А я материнской ласки так и не знала. Не знала я, что это такое. Да что уж и говорить — сейчас и при живых матерях дети этой ласки не видят, матери-то все на работе, и на работе… Все бабы тянут. Мужиков-то, считай, нету. Вроде бы их много, а как оглянешься — где ж они? Тот пьян, этот — на печи. Вот и жила я без матери. Отец у меня хороший был, работящий, но как мне лет десять исполнилось, он меня своему мастерству учить стал. А сам слеп постепенно. Задыхался к тому ж. Это ж какие легкие нужны, чтобы света белого не видеть и в подвале все время мехом дышать!.. Вот в тринадцать мне и пришлось школу бросить. С отцом я работала. Он мне лишь одно твердил, чтобы я профессию не бросала: — "Такая профессия всегда прокормит". Да знал бы он — какие времена пошли! Какие технологии! Мех шьют стык в стык и машинами! А тогда таким швом мало кто владел — немецким он назывался. А ещё он мне говорил, выходи замуж за человека грамотного, а то двое неграмотных, что слепой со слепым, по жизни кружат, а никуда не выходят. А я послушная была и, как появился на каникулах в нашем городке один молодой аспирант-математик, так сразу мне и глянулся. Хотя, и смотреть-то не на чего было — худоба! Ножки тонюсенькие! Ручки тонюсенькие! Сам бледный! Да к тому ж в двадцать пять лет, а уже при очках. Но у-умный!.. Ой, гра-амотный! Думаю, я — если в университете-то учится — то умнее нет! Вот я его и закружила. А не трудно было. Девка я была видная, не как все — не дворовая, не гулящая, да и отец все-таки немец. А они у нас, хоть их и немного было в городе, все равно с первого же взгляда манерами отличалися — немцы-то. Были мы поаккуратнее, да поскромнее в тоже время, повежливее. А одевалась я лучше всех. Все сама себе шила. А на деньги, что зарабатывала трофейные журналы мод доставала. И модная была как с картинки! И худенькая и скромная! Но раз глаз уж на него положила так тому и быть.

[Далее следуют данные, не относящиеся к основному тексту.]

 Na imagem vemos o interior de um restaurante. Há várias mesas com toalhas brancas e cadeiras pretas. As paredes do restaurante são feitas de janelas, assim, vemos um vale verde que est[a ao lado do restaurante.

И ходили мы по вечерам — гуляли. И стихи он мне читал всякие, И я стихи выучила. Короче, как расписалися, легли в постель, а что делать — не знаем. И лежали так — он в пижаме, я в ночной рубашке. На ночь третью хочу раздеться, а он отворачивается и стыдит: совсем совесть потеряла. Я и стыжусь. А сама-то чувствую — что-то не так, да не знаю как надо.
Ой, девки, не поверите, как долго мы так прожили! Я вся измучилася, иссохла. У меня ж подруг-то не было! Я же все при отце да при работе — в тринадцать лет из школы ушла. Как раз перед тем возрастом, когда вот-вот девчонки шушукаться начнут. В нашем поколении все это поздно было. Да ещё я немка была, а после войны, хоть мы на этой земле триста лет прожили — нам не доверяли. Спасибо, господи, что по доносу на Магадан не сослали. Отец-то у меня один в городе скорняк был — сошли они его — и ни воротника не перешить, ни шапки не перелицевать. Вот и не доносили. Но и не привечали. И без того пришлось ему имя Адольф на Арнольд поменять, во время войны-то. Но все равно и его и меня стороною держались. А я и не мучалась: привыкла уж все одна да одна. Даже в ателье, как отец умер, а умер он у меня как раз через неделю после свадьбы моей, молчуньей была. Не умела я с девками разговаривать — и все тут. Время жалела — работала и работала. А тут месяце на третьем, как замуж-то вышла, они сами заметили, что со мною что-то не то твориться, руки дрожат, шью и слезы сглатываю. Бледная стала — ужас!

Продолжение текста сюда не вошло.